My response: Now think about that teacher being told repeatedly that it was their choice to be pa…
My response:
Now think about that teacher being told repeatedly that it was their choice to be paid so pitifully low. They did it to themselves. If they don't like the wage they should quit.
It is their choice to take a job with that pay. It is not their choice to be paid a certain amount, per se -- if it were all their choice, they'd be paid more, usually -- but they choose to accept that level of pay. They did, absolutely, "do it to themselves." And if the pay is not worth it to them, then yes, absolutely, they should quit. There is no question about that.
The very fact that they do not quit means one, simple, necessarily true, thing: that the combined benefits of the job -- the wages, health benefits, whatever good will, etc. they get for doing the job -- is enough compensation to get them to do the job. If it was not, then they would quit.

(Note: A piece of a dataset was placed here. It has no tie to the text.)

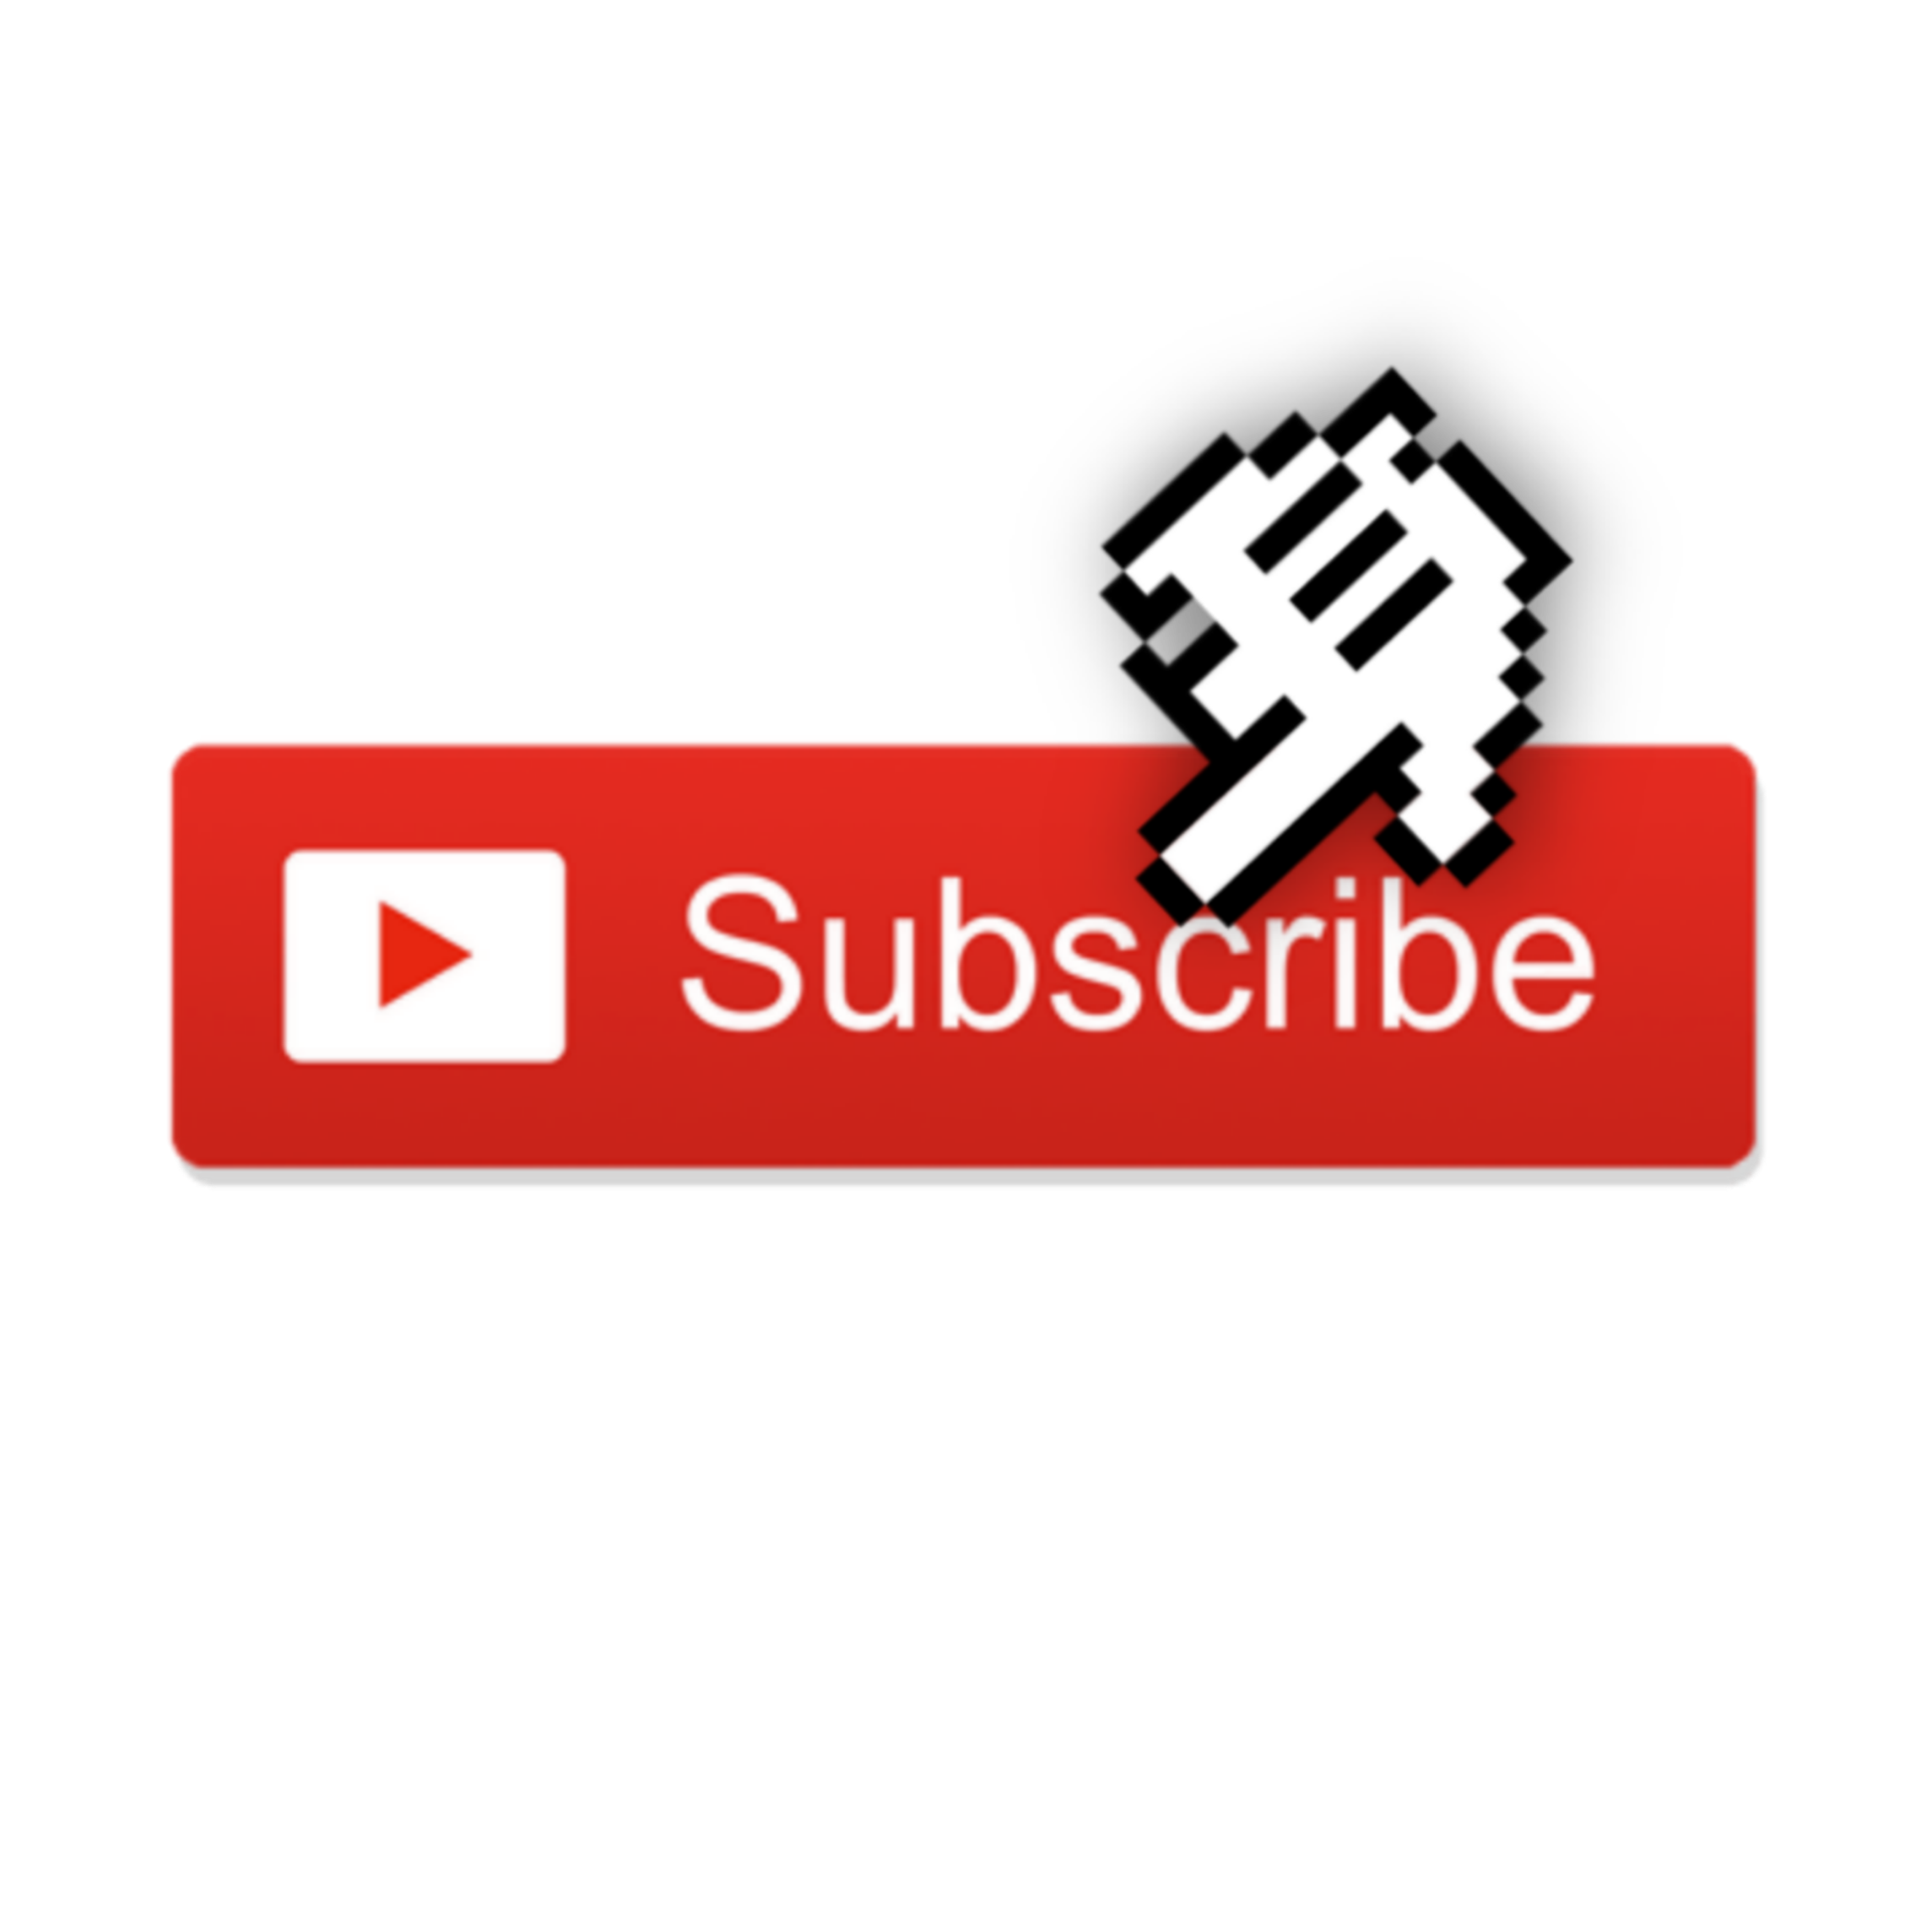 Subscribe shares. Subscribe. Like share Subscribe. Приват Subscribe. Share like Subsk ribe.
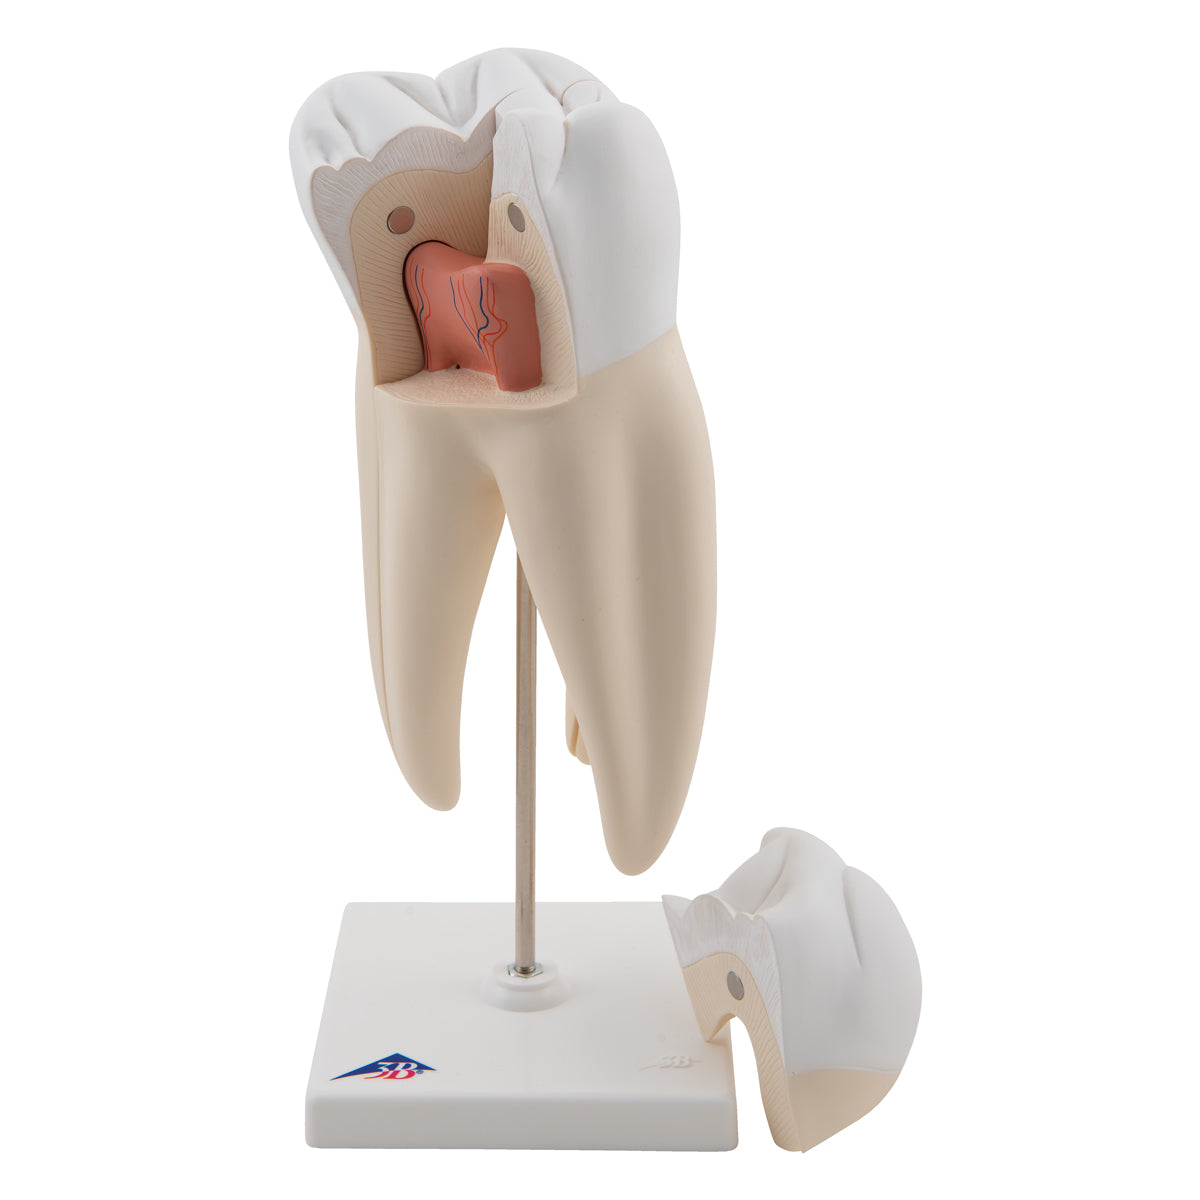 5 förstorade och olika tänder (inkl. karies) presenterade på separata stativ

I wouldn't tell them that "repeatedly," but if the subject came up, I would be honest with them and tell them these true facts.
Now imagine they heeded that advice prior to you taking their course. Imagine you instead received instruction from someone who cared so little about the students, and did the bare minimum to receive a paycheck and keep from being fired.
If that happened -- all good teachers held out for higher pay, so the only teachers left were the terrible ones -- then teacher pay would increase. The biggest reason teacher pay does not increase is because we believe we don't need to increase pay to keep good teachers.
So in a very real and necessarily true sense, yes, teachers keep their own wages low by not holding out for better wages.
Wouldn't you do anything you could to keep the inspiring teacher in the classroom?
Absolutely not. Would I pay them a million dollars? Ten million? One billion? Of course not.
But the fact is that, for now, we don't need to do more to keep that teacher in the classroom. They are in the classroom now, and as best I can tell, they aren't leaving.